One thing that became abundantly clear early on was that Belle was anti-religion, and if you knew what to look for, it easy to guess that she had been hurt in the church. I don't remember at what point she actually said that that was what had happened, but she did. When you picture the stereotypical experience of the girl growing up in the Southern Baptist family, "Be a good girl," "Well, that's just what we believe," "We don't associate with their kind," etc., that's what Belle grew up with and, Belle being Belle, that didn't quite work for her. She has a heart the size of the ENTIRE Confederacy and then some, a stubborn streak as wide as the Mississippi Delta, a mind sharper than the stinger on a hornet, and the message she was hearing about how one managed to be a "good Christian" did not fit her. So, she did what anyone with a heart like hers would do in those circumstances, she rejected it. And I don't blame her. If I hadn't had parents who encouraged and welcomed my questions, I'd've probably sloughed it off as well.

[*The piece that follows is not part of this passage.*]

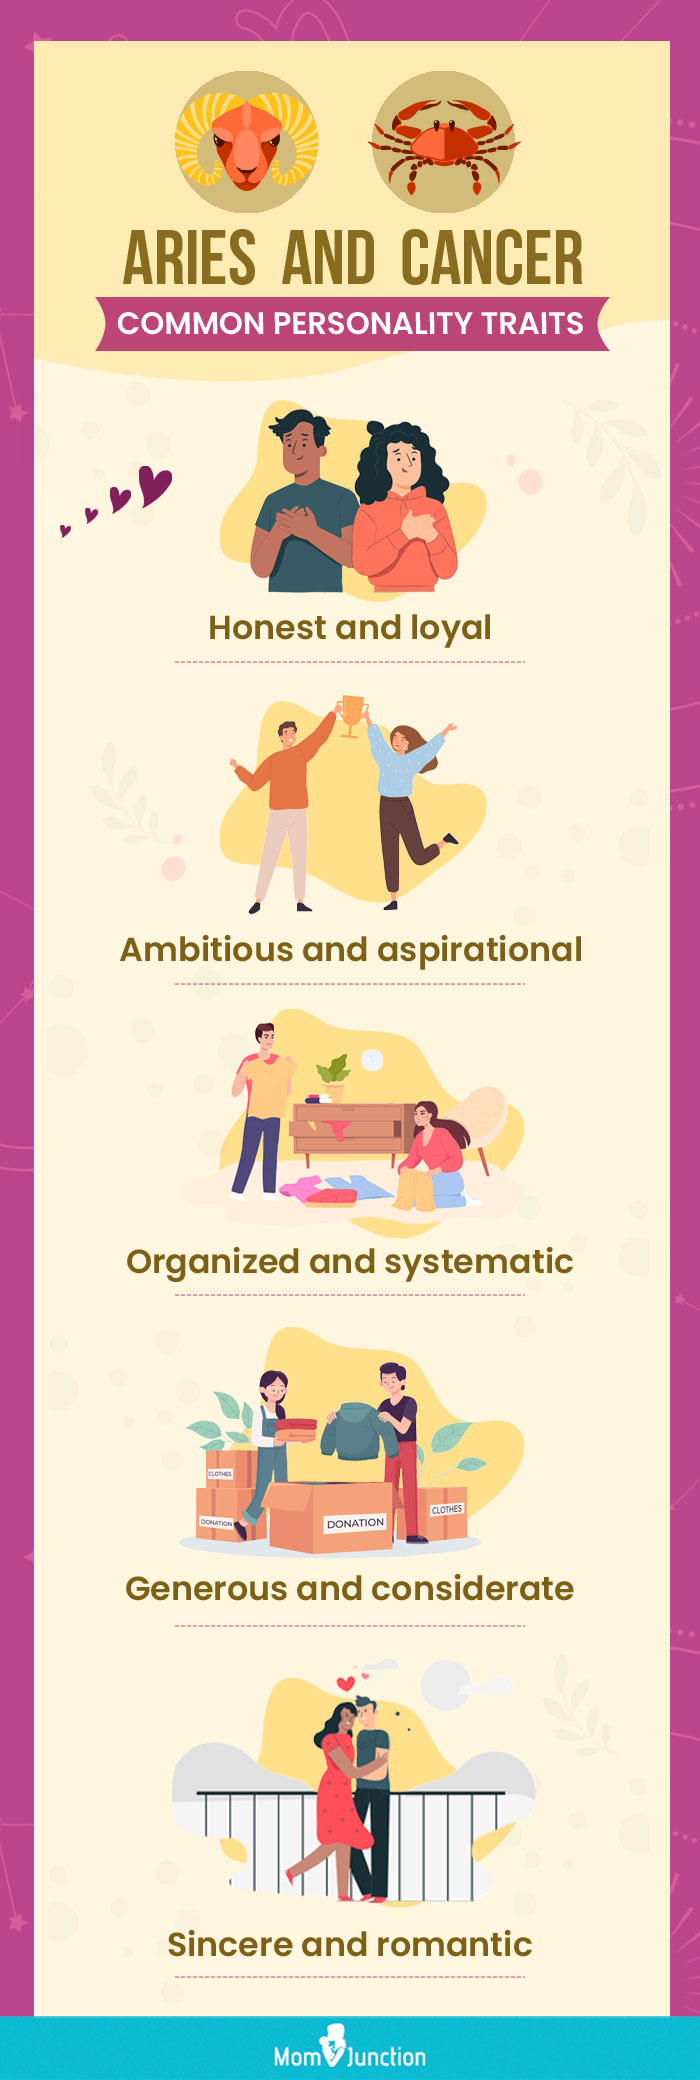 aries and cancer common personality (infographic)

But there was a need in Belle. And that's how it started. I don't remember what she said, what she or others posted or what the responses were, maybe she does, but a dialogue began. She started asking questions, posing arguments (not for the sake of arguing, but she actually wanted to hear the responses), and somehow, God put just the right voices in our community to respond to her and gave her just the right ear to sort through them all to find His voice. The daughter of an Episcopal priest (Episcopalians being held in the highest regard as intellectual, THINKING Christians by yours truly), two preachers' daughters possessed of deep faith and grace and a passion for His love, a deeply-believing Christian whose closest friends have historically been non-believers and so has a passion for the disenfranchised heart (that would be me), and a dozen other Christ-loving women and mothers with kind, KIND, gentle hearts and a desire to share of His love.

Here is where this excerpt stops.